A more objective assessment of knowledge gained in our students exposed to TBL will be important to study. However, the evaluation of TBL versus standard lecture format courses can not be completely assessed through examination results because benefits of TBL go beyond transmitting information to students. TBL has been shown to benefit students beyond teaching them the subject matter by improving their communication skills and facilitating their ability to collaborate [9]. Our student and instructors’ observations were consistent with these benefits of TBL.

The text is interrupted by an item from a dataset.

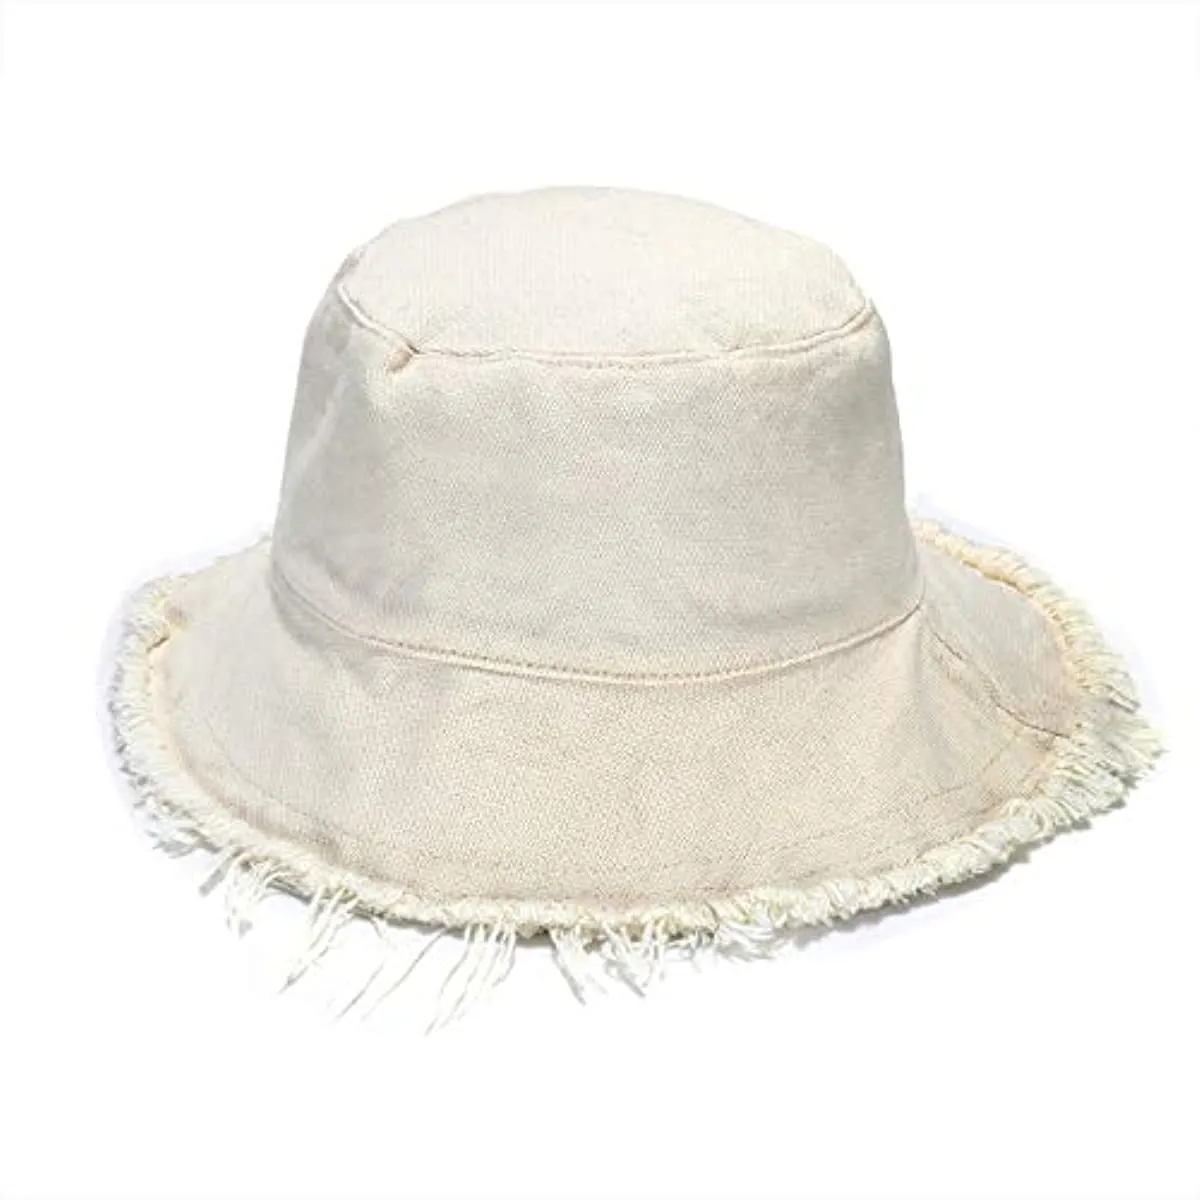 Chapeaux de seau pour femmes Chapeaux de soleil pour femmes Été Casual large bord coton seau chapeau plage vacances voyage accessoires seaux chapeau avec des cordes

One drawback of our TBL experience was the time-intensive nature of the course. Many students felt that the TBL course may have taken them away from studying other general medicine topics during their medicine rotation. Our course was intensive in its comprehensive overview of HIV in a setting where the subject matter is of particularly high importance. Despite the demands of the TBL course, the vast majority of students supported the incorporation of TBL into other parts of their medical curriculum. Theoretically, the amount of assigned reading in a TBL course need be no more than a standard lecture course and students should adapt to preparing prior to the course rather than following. Assurance of student preparedness in TBL courses has been previously described as an obstacle for the successful implementation of TBL [10]. Another major obstacle is the need for ongoing faculty development [10]. Our MEPI program has included faculty development, including the implementation of TBL, as a major component of our plans to improve medical education at UZ-CHS. The Departments of Psychiatry, Pediatrics and Physiology are developing similar TBL initiatives.

Conclusions

We highly recommend considering the institution of TBL into medical curricula in southern Africa. In our experience, TBL will most benefit the learning of challenging clinically-oriented subject matter. TBL is an intriguing and feasible solution to providing high quality medical education at resource-limited institutions with low faculty to student ratios. Further research is needed to assess the impact of TBL on objective learning measures and the feasibility of a more expansive TBL curriculum.